CASS. CIV. 1re, 12 juillet 2005 : pourvoi n° 00-18543 ; arrêt n° 1200

(renvoi CA Nîmes)

Publication : Bull. civ. I, n° 320 p. 265

 

RÉPUBLIQUE FRANÇAISE

AU NOM DU PEUPLE FRANÇAIS

 

COUR DE CASSATION

PREMIÈRE CHAMBRE CIVILE

ARRÊT DU 12 JUILLET 2005

 

ÉLÉMENTS D’IDENTIFICATION DE LA DÉCISION                                      (N.B. : mention ne figurant pas sur l’original)

N° de pourvoi : 00-18543. Arrêt n° 1200.

DEMANDEUR à la cassation : SA Société Générale

DÉFENDEUR à la cassation : Madame Y. aux droits de Madame X.

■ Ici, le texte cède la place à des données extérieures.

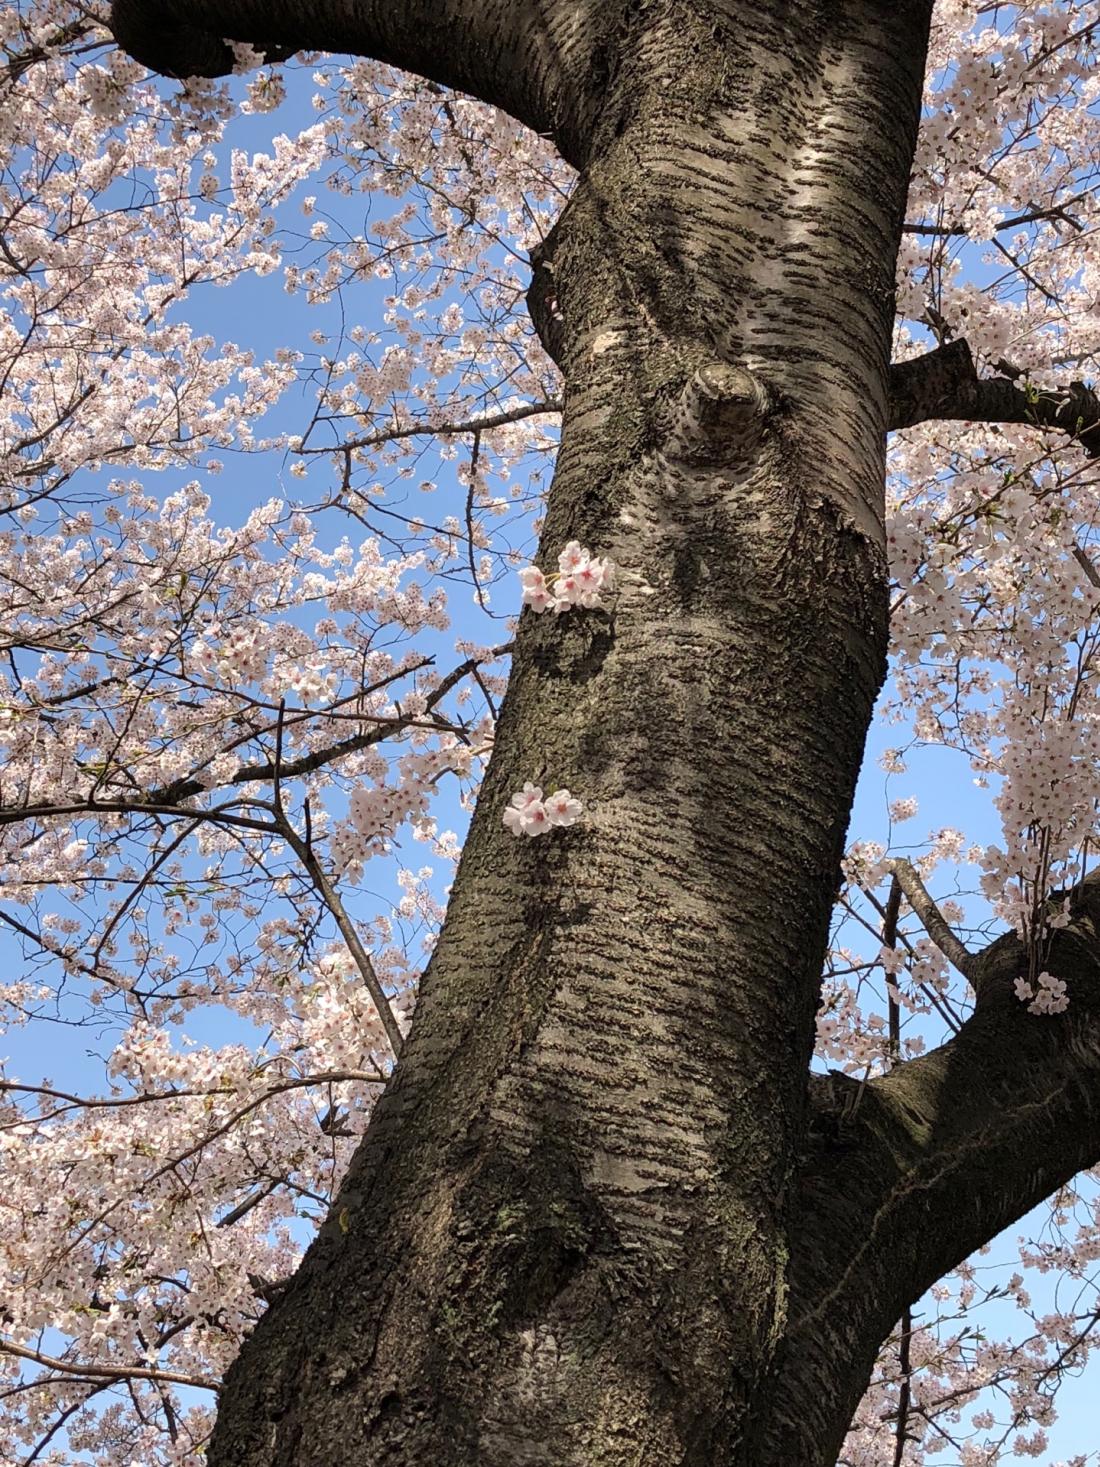 清一色的粉色櫻花

M. Bouscharain, conseiller doyen faisant fonction., président. M. Sarcelet., avocat général. la SCP Célice, Blancpain et Soltner, la SCP Jacques et Xavier Vuitton., avocat(s).

 

MOTIFS (justification de la décision)                                                                 (N.B. : mention ne figurant pas sur l’original)

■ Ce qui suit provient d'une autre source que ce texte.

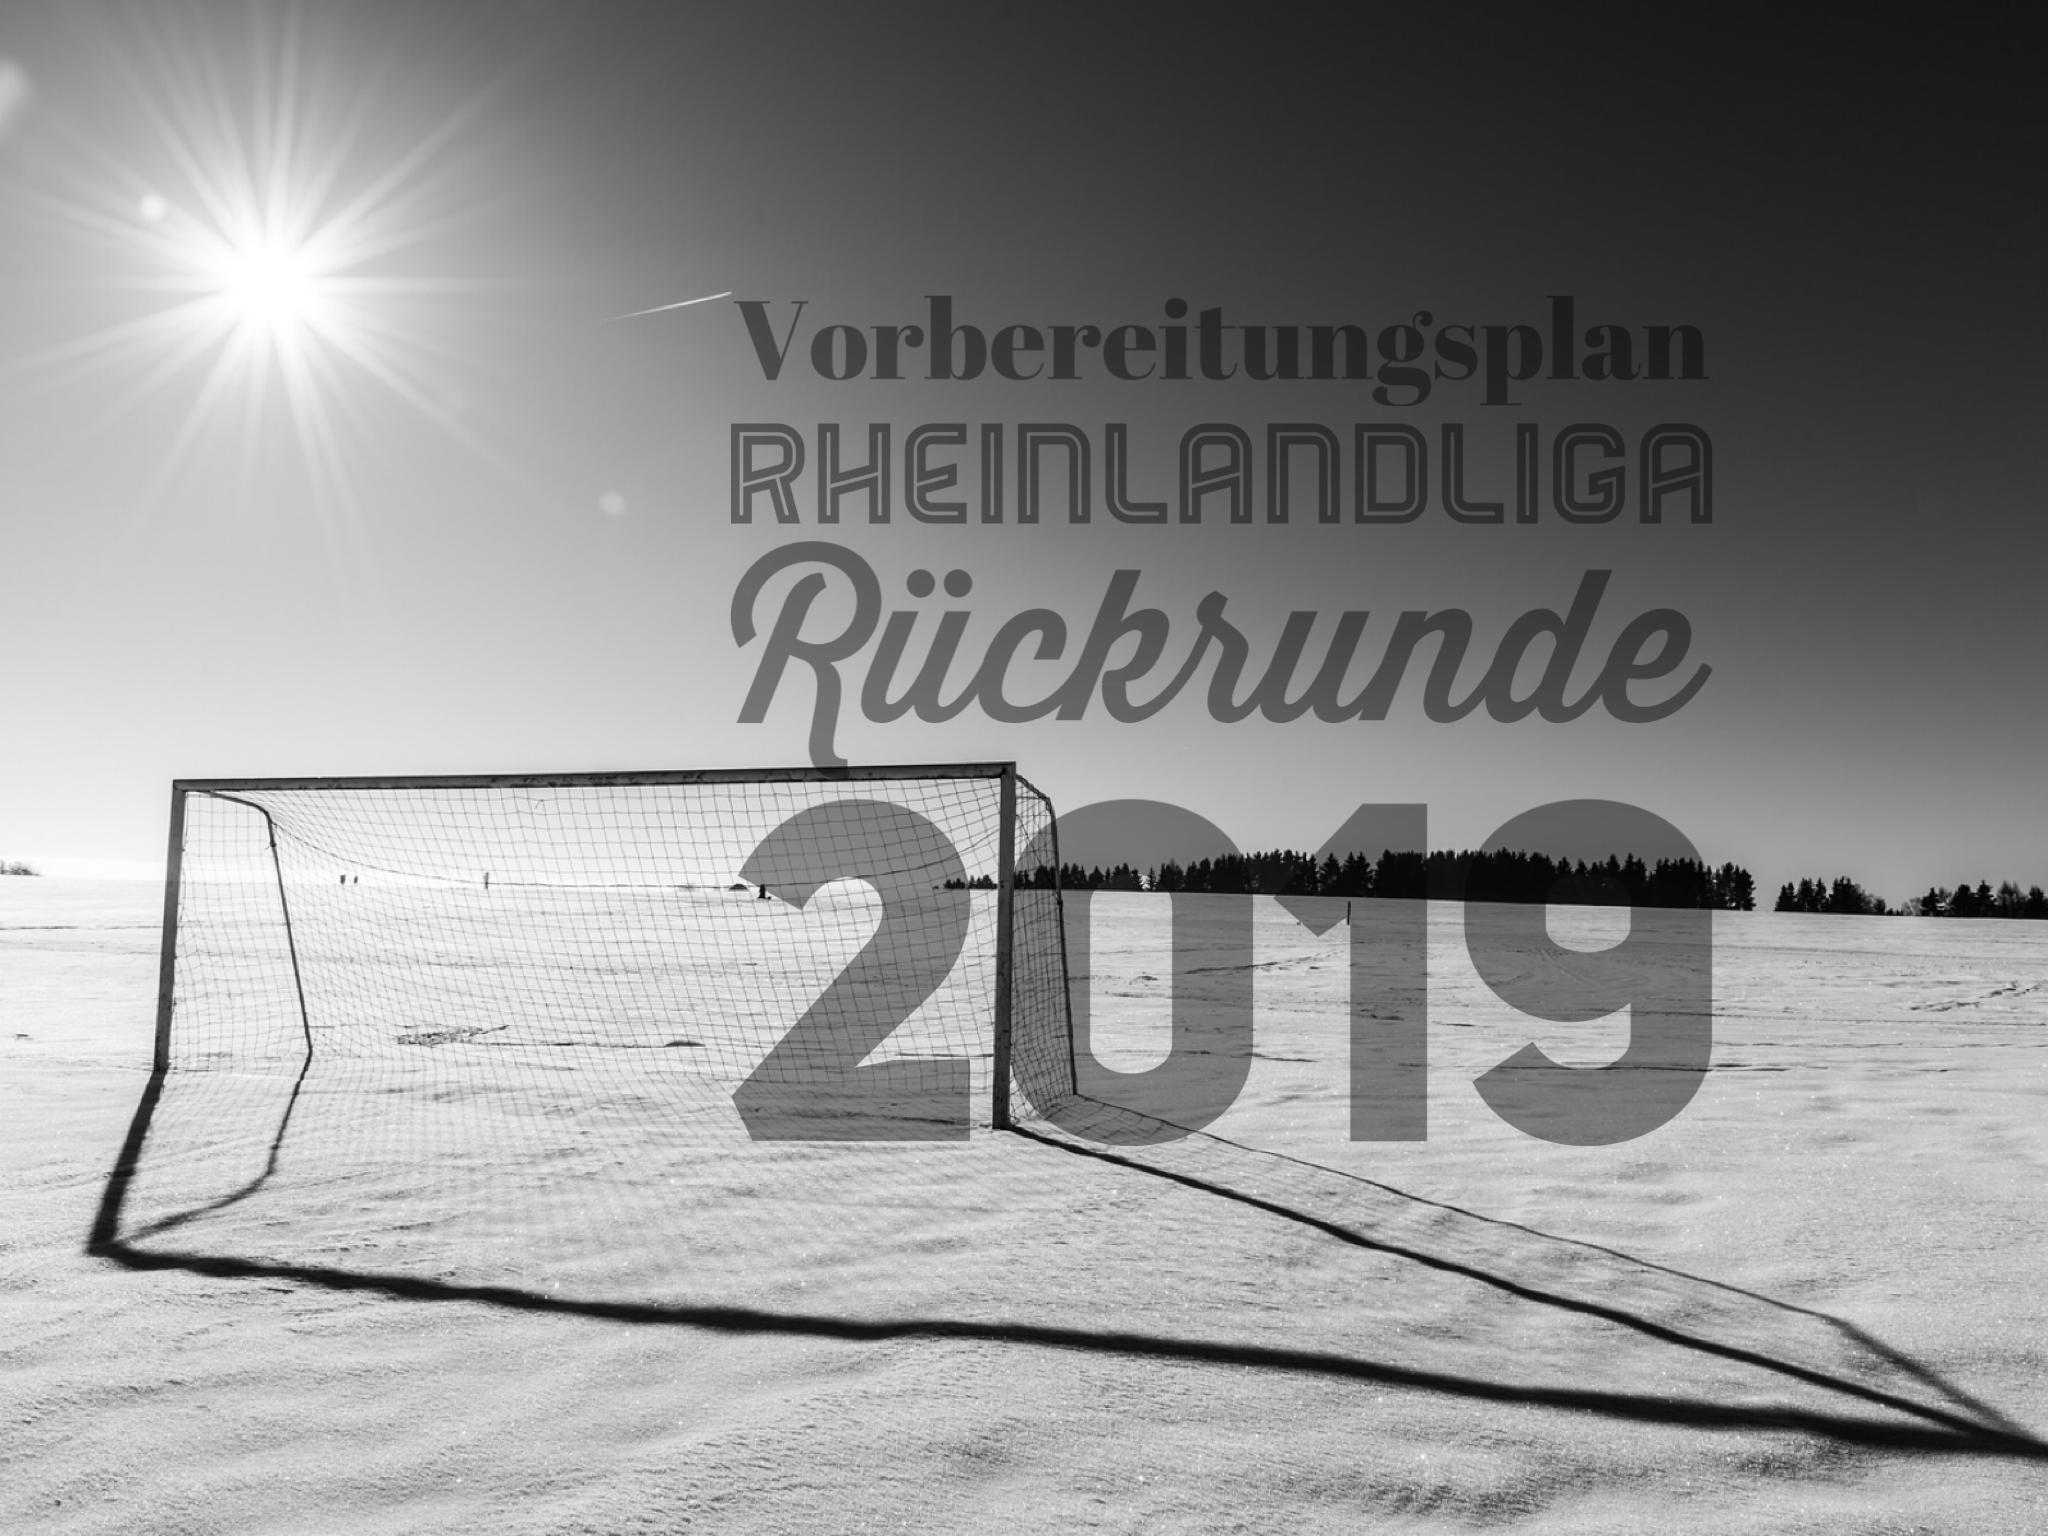 Vorbereitungsplan 1. Mannschaft Winter 2018/2019

LA COUR DE CASSATION, PREMIÈRE CHAMBRE CIVILE, a rendu l'arrêt suivant :

 

Sur le moyen unique, pris en sa deuxième branche :

VISA (texte ou principe violé par la décision attaquée)                                        (N.B. : mention ne figurant pas sur l’original)

Vu les articles 1152 et 1229 du Code civil ;

 

RAPPEL DES FAITS ET DE LA PROCÉDURE                                                  (N.B. : mention ne figurant pas sur l’original)

Attendu que Monique X., aux droits de laquelle se trouve Mme Y., qui avait souscrit un plan d'épargne populaire auprès de la Société générale, en a demandé le transfert auprès d'un autre établissement bancaire ; que se prévalant de la clause stipulant qu'en cas de retrait de fonds ou de transfert dans un autre établissement avant la fin de la 8e année, les intérêts ne seraient pas entièrement versés et qu'il serait pratiqué, sur les intérêts calculés, une reprise de 50 %, en cas de retrait durant les quatre premières années, et de 20 %, en cas de retrait de la 5e année à la 8e année, la Société générale a procédé à une reprise d'intérêts d'un certain montant ; que critiquant cette reprise, Monique X. a contesté la validité de la clause et demandé le remboursement de la somme en cause ;

 

RAPPEL DE LA DÉCISION ATTAQUÉE                                                           (N.B. : mention ne figurant pas sur l’original)

Attendu que pour condamner la banque à rembourser une certaine somme, l'arrêt attaqué retient que la stipulation litigieuse constitue une clause pénale, en ce qu'elle sanctionne le transfert du plan d'épargne populaire qui, s'il n'emporte pas rupture de l'opération d'épargne, n'en constitue pas moins une rupture de la relation contractuelle existant entre le souscripteur et l'établissement avec lequel le plan avait été conclu, et que cette rupture contractuelle, parce qu'elle était autorisée, ne saurait être plus lourdement sanctionnée qu'une rupture illicite par inexécution frontale du contrat assortie d'une clause pénale ;

 

CRITIQUE DE LA COUR DE CASSATION                                                       (N.B. : mention ne figurant pas sur l’original)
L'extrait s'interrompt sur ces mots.